For example, the buried channel 118 comprises a doped layer of the second conductivity type. For example, the doped layer or channel 118 extends parallel to the face 102 of the doped well 100.

The buried doped channel 118 extends from the region 106. The buried channel 118 contacts the region 106.

According to one embodiment, as illustrated in FIG. 1, the buried doped channel 118 extends from the region 106 to a doped region 120, delimited in dotted lines in FIG. 1, the buried channel 118 being in contact with both regions 106 and 120. The region 120 is made of a semiconductor material, for example, of silicon. The region 120 extends in the doped well 100. For example, the region 120 penetrates in the doped well 100 from the face 102. The region 120 is doped of the second conductivity type, that is, the N-type is the example of FIG. 1. The concentration of doping atoms in the region 120 is, for example, comprised between 10¹⁸ and 10²⁰ at.cm³. For example, the region 120 is made by implanting doping atoms in the doped well 100, at the emplacement of the region 120.

In the example of FIG. 1, the transistor T comprises the region 120. The region 120 then forms, or belongs to, a conduction region (drain or source) of the transistor T. In the example of FIG. 1, the region 120 forms, or belongs to, the source of transistor T.

The region 120 may at least partly extends below the gate stack 108.

In the example of FIG. 1, the memory cell 1 is an eSTM memory cell and further comprises a doped layer 122 and a vertical gate 124.

The doped layer 122 is doped of the second conductivity type, that is, of the N-type in the example of FIG. 1. The doped layer 122 is made of a semiconductor, for example, of silicon. For example, the concentration of doping atoms in the layer 122 is comprised between 10¹⁷ and 10¹⁹ at.cm³.

The doped well 100 overlies the layer 122, for example, in contact with the layer 122. For example, the well 100 overlies and is in contact with the layer 122.

As an example, the layer 122 overlies a substrate 126, for example, a semiconductor substrate, for example, a silicon substrate. The substrate 126 is, for example, doped with the first conductivity type.

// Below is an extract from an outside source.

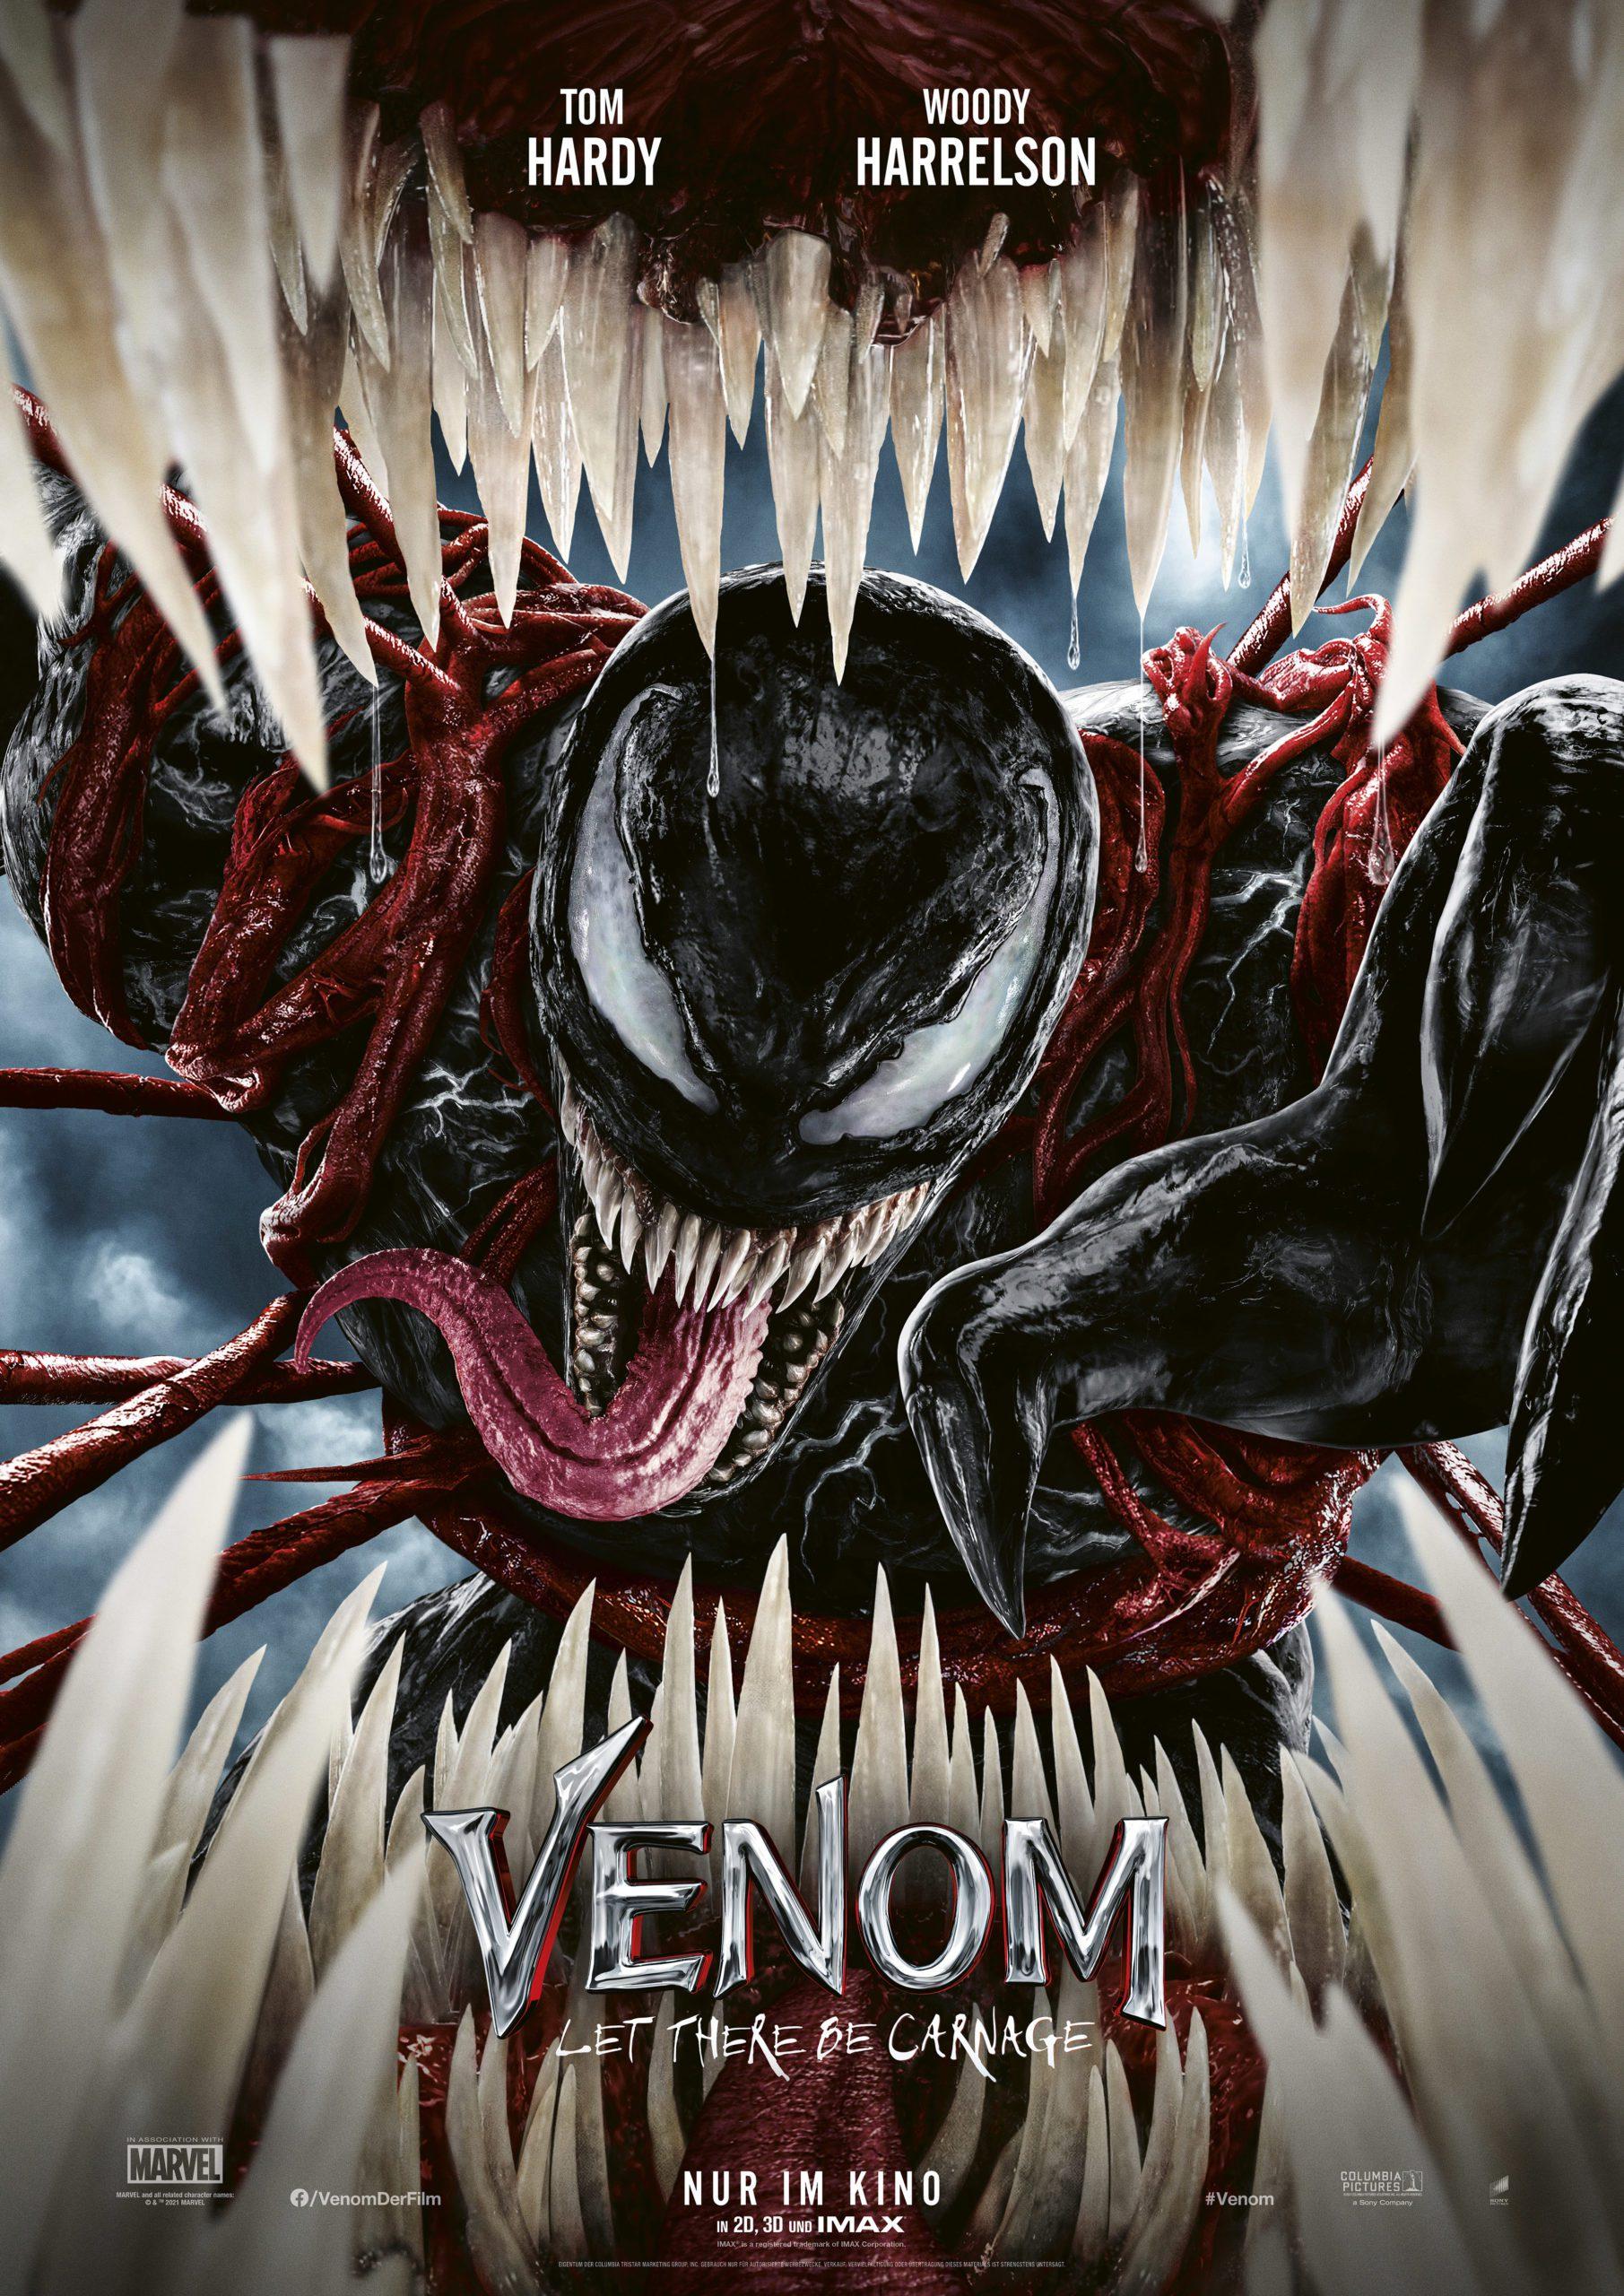 """Film Kritik: """"Venom: Let There Be Carnage"""" ist eine substanzlose Fortsetzung"""

The vertical gate 124 is in contact with the doped well 100, for example, with a lateral face of the well 100, the lateral face extending perpendicular to the faces 102 and 104 of the well 100.

The vertical gate 124 extends from the face 102 of the well 100 at least up to the face 104 of the well 100. In the example of FIG. 1, the vertical gate 124 extends from the face 102 to the face 104 and does not penetrate the layer 122. In another example, which is not illustrated, the vertical gate 124 penetrates in the layer 122.

The vertical gate 124 is disposed on the side of a first edge of the gate stack 108 (on the right in FIG. 1) and the region 106 is disposed on the side of a second edge of the stack 108 (on the left in FIG. 1), the first and second edges being opposite to each other. Said in other words, the gate stack 108 extends between the region 106 and the vertical gate 124.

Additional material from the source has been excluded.